Write out each line of the listing as it stands, without the images.

◆ Information given:
━━━━━━━━━━
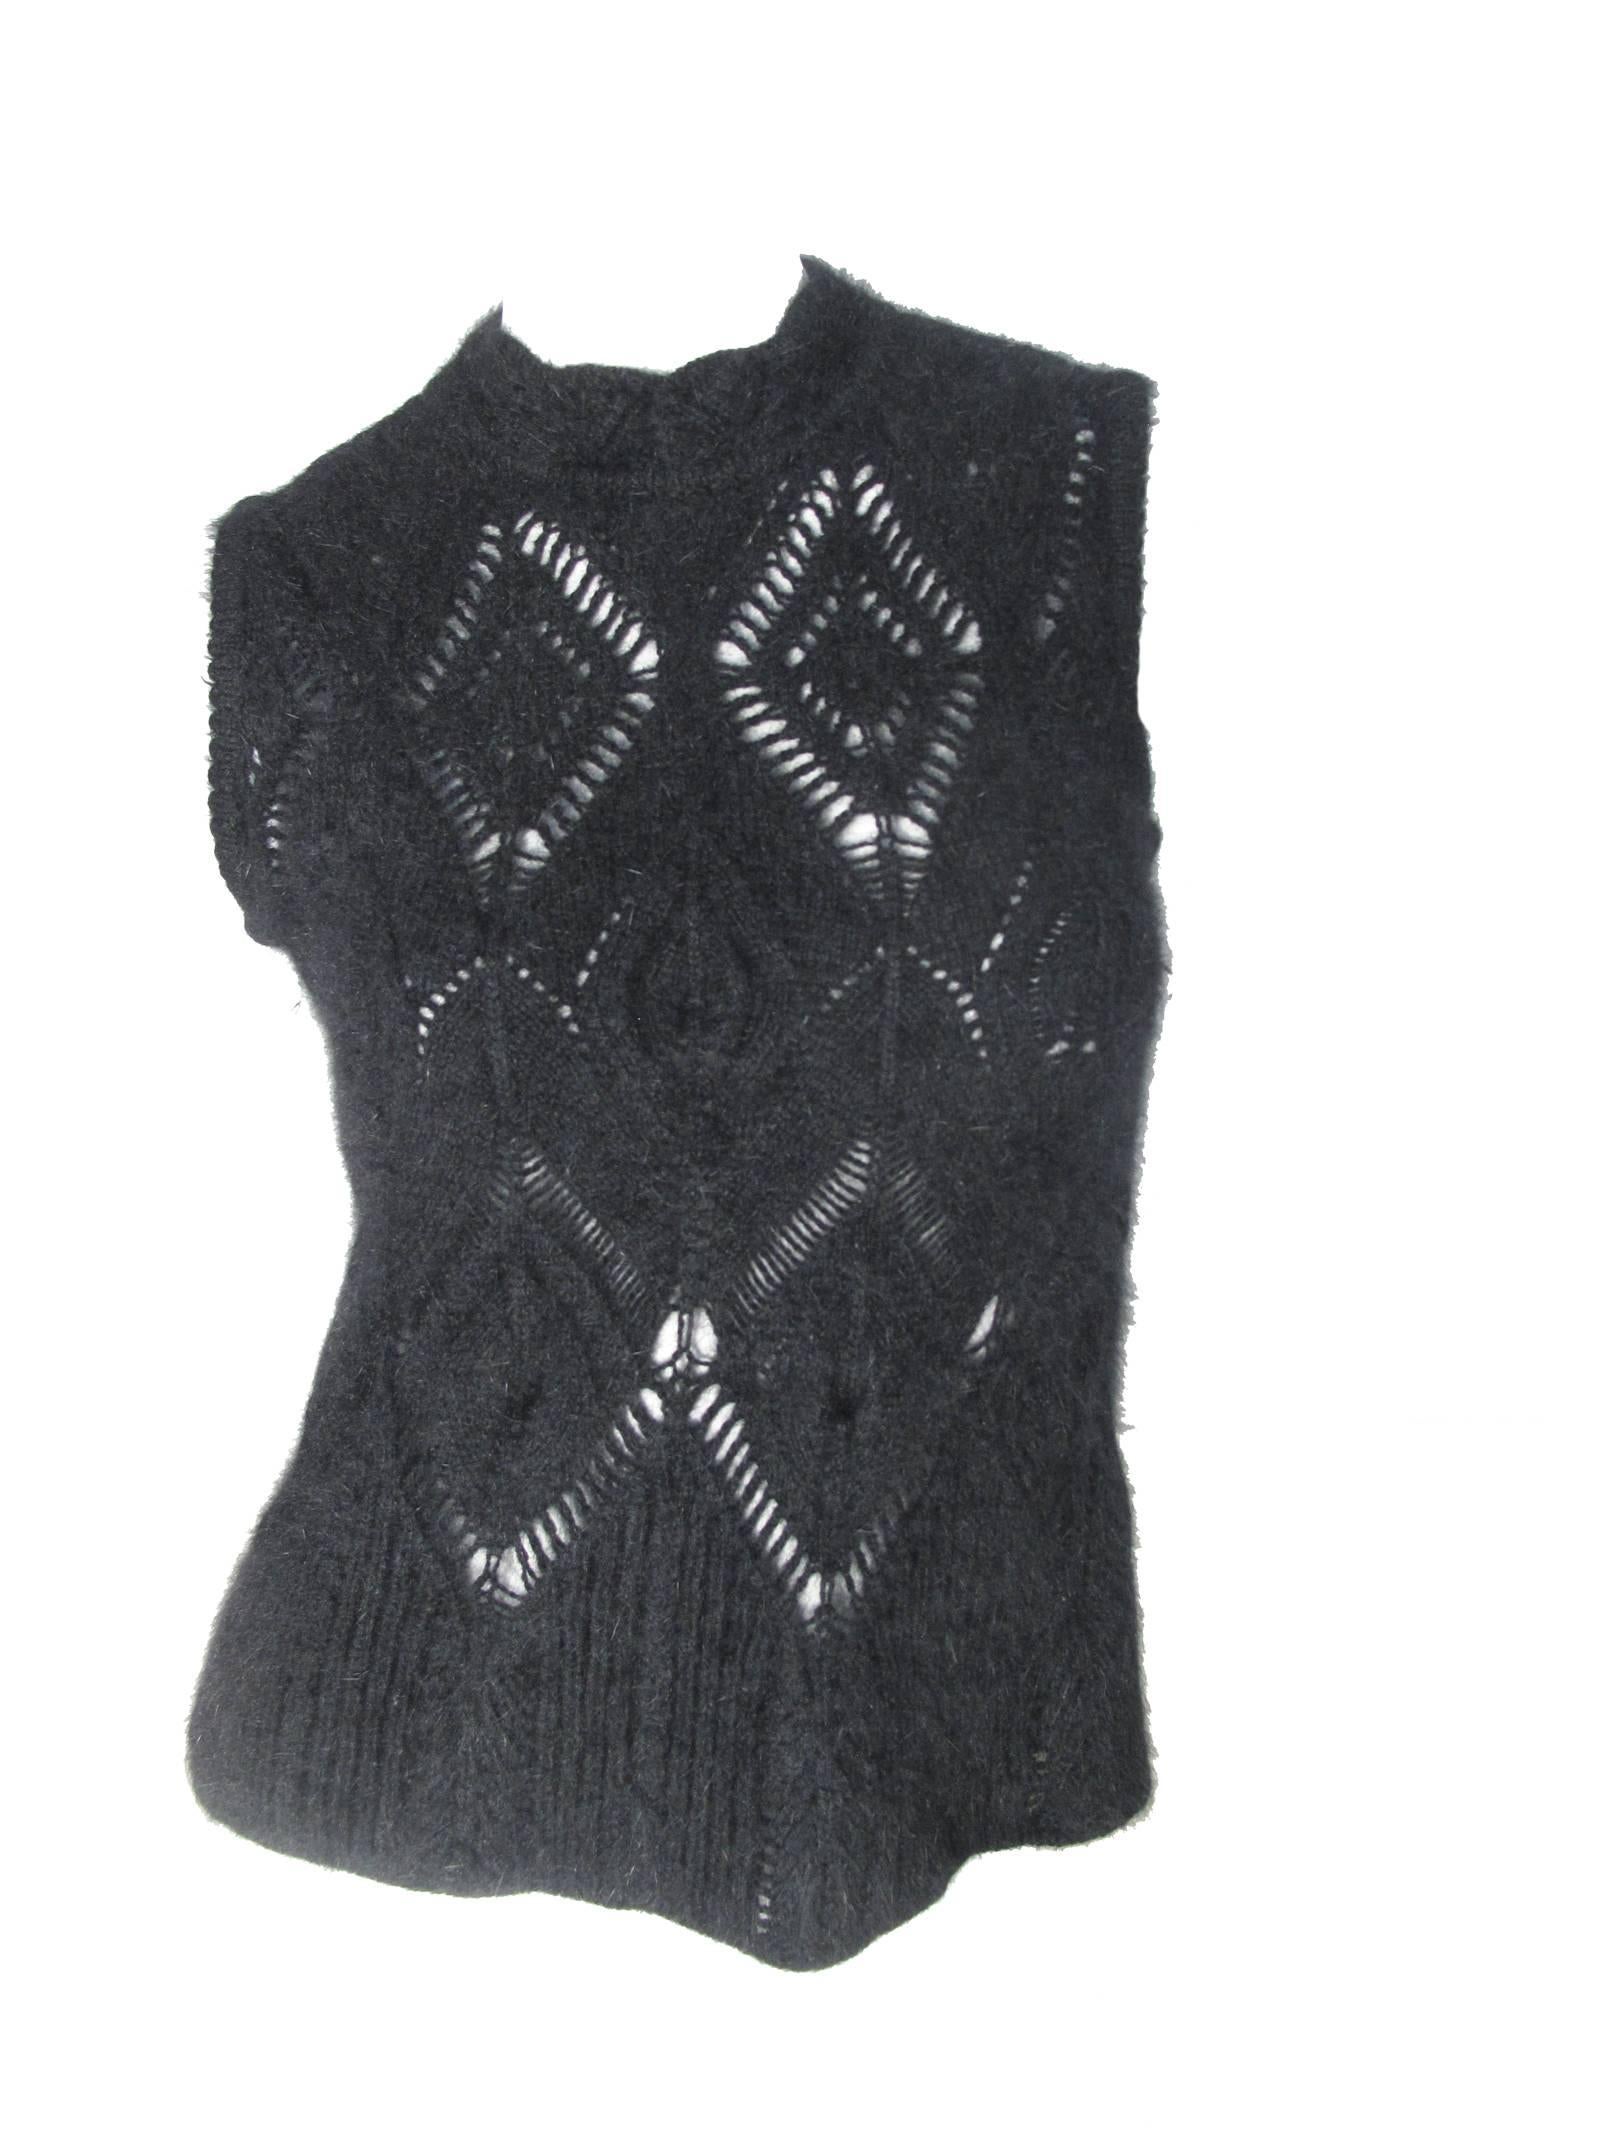 Christian Dior black angora knit cardigan and sleeveless top.  
Condition: Excellent. Size 6

Top: 34 
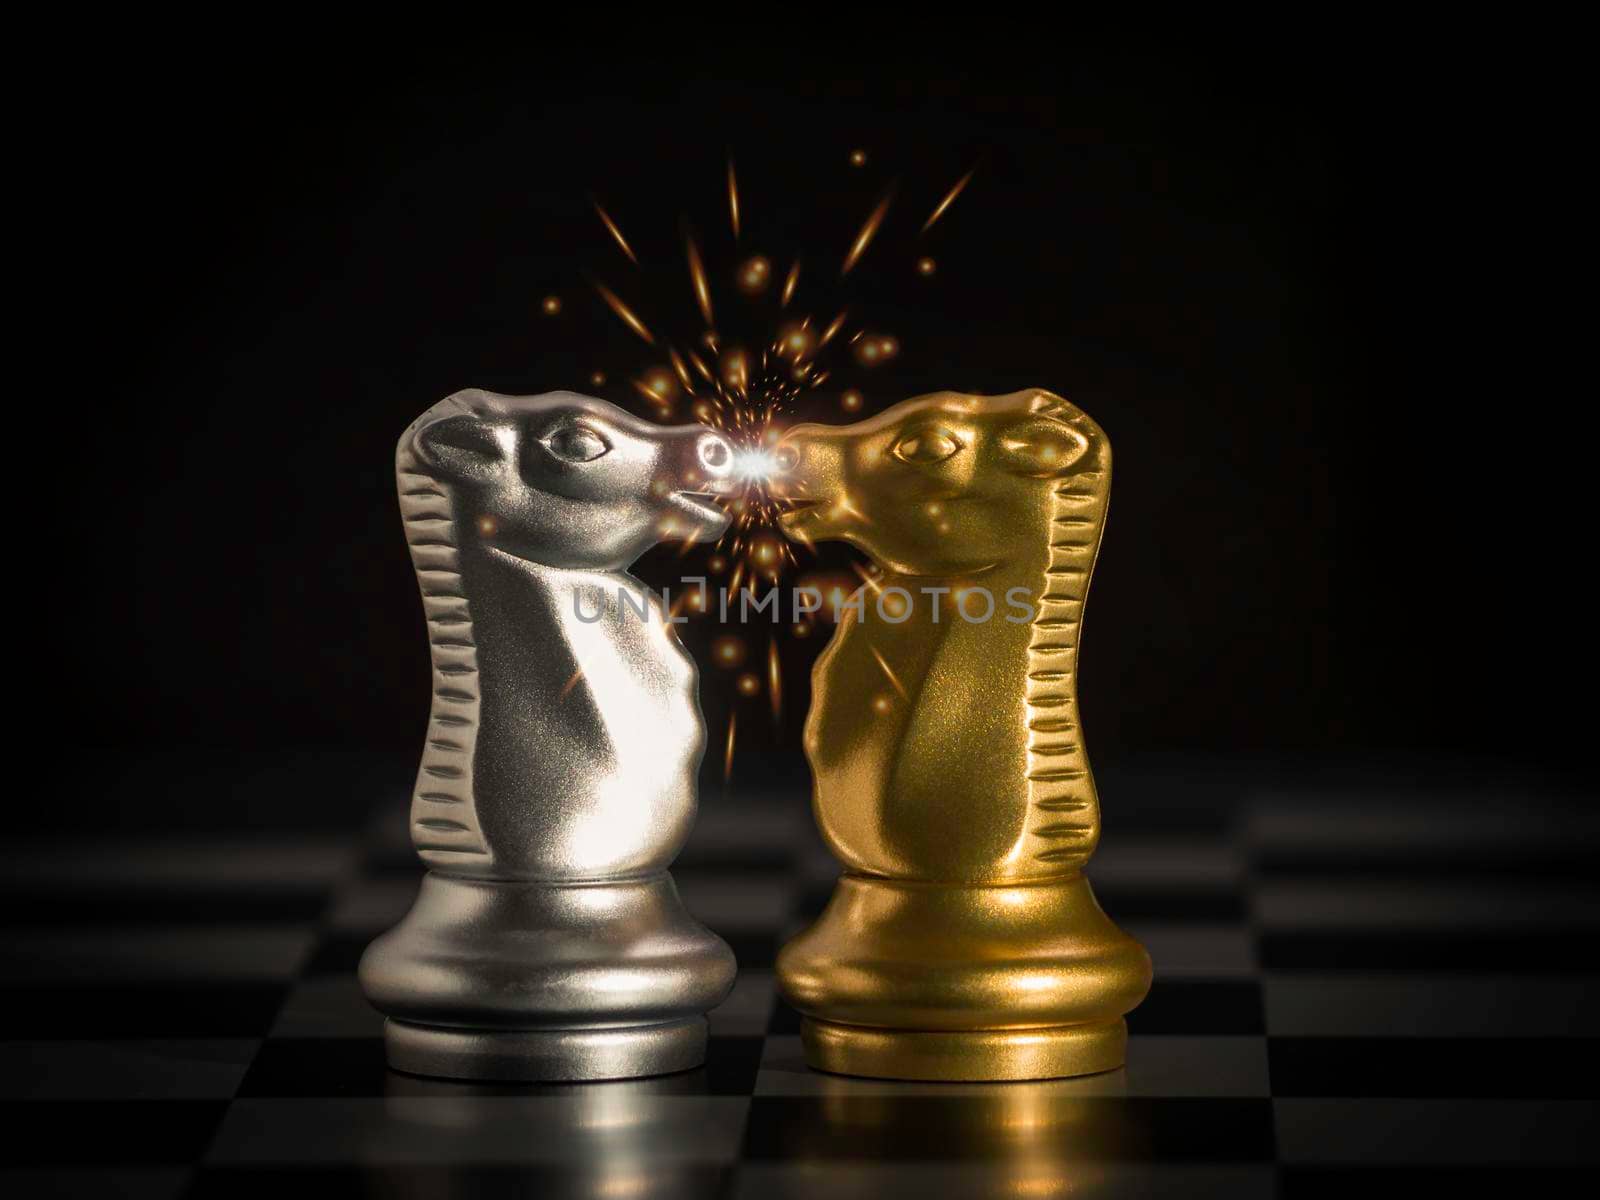 Gold knight chess facing silver knight chess with red hot flying sparks fire on chess board. Business leader market target strategy. business competition success, strategy ideas.
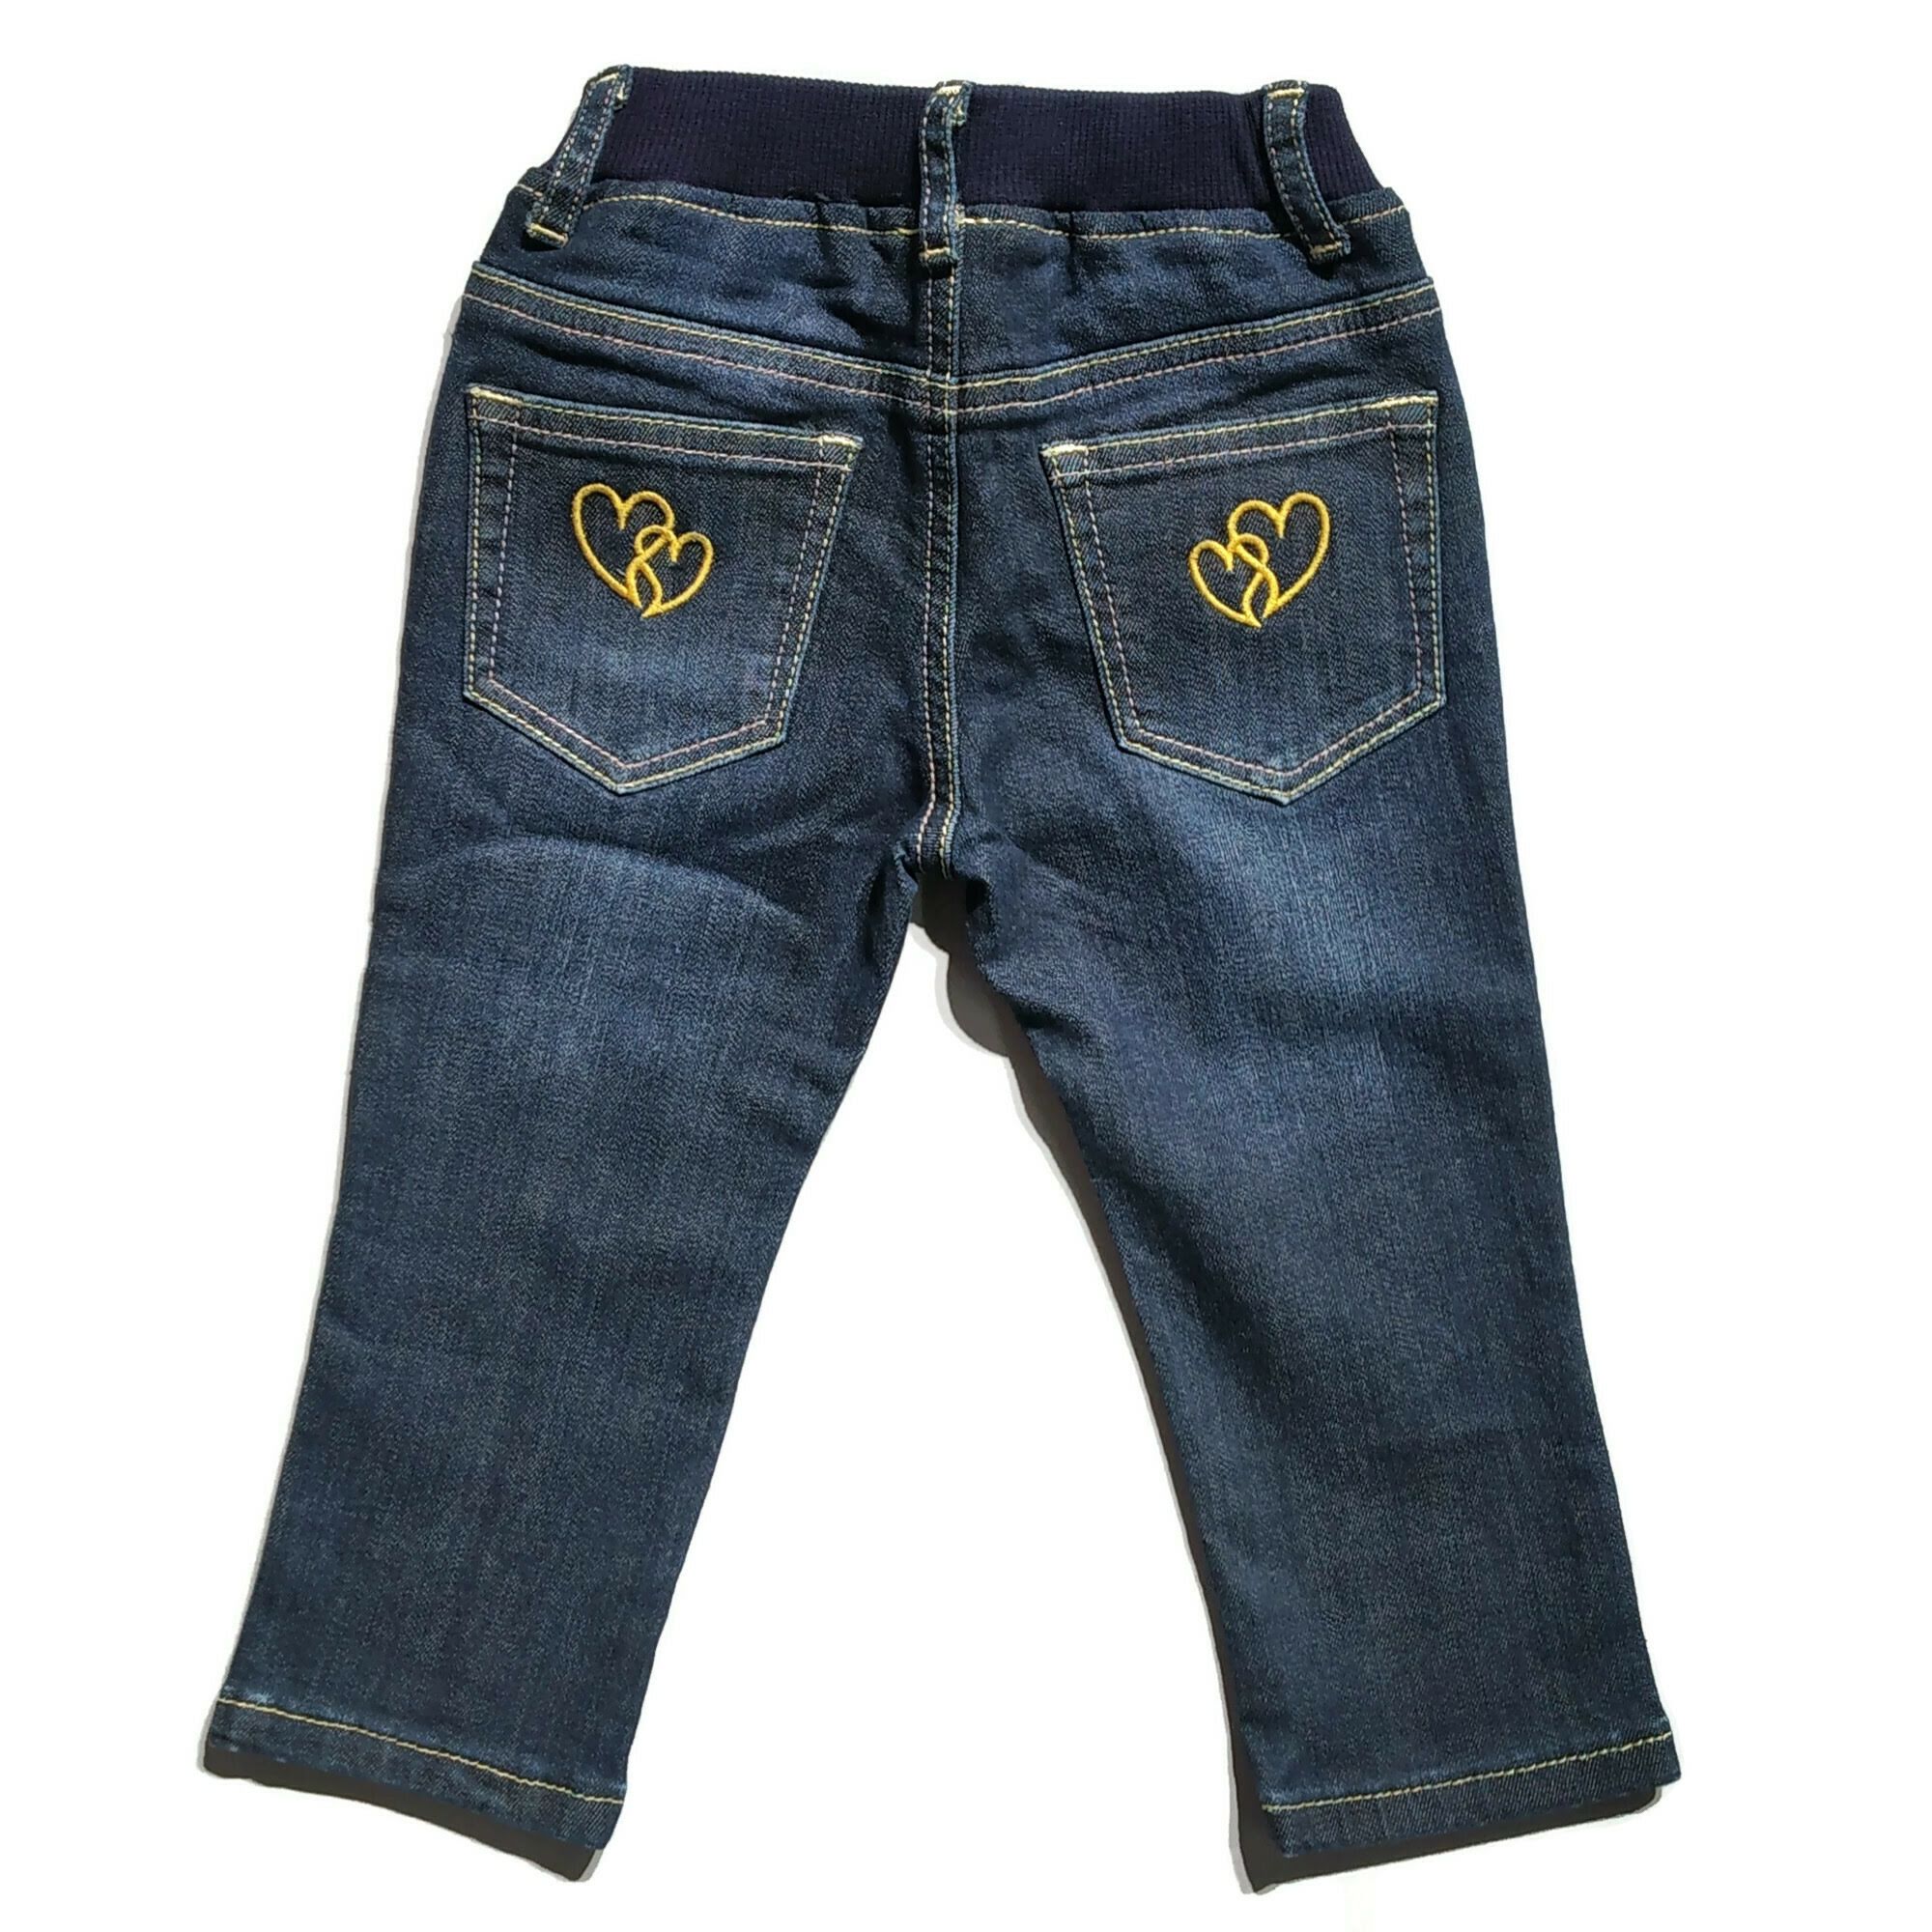 Relaxed Fit Ankle Jeans - Light denim blue - Kids | H&M IN
━━━━━━━━━━
◆ Output for this exercise:
 Christian Dior black angora knit cardigan and sleeveless top.  
Condition: Excellent. Size 6

Top: 34 
 Gold knight chess facing silver knight chess with red hot flying sparks fire on chess board. Business leader market target strategy. business competition success, strategy ideas.
 Relaxed Fit Ankle Jeans - Light denim blue - Kids | H&M IN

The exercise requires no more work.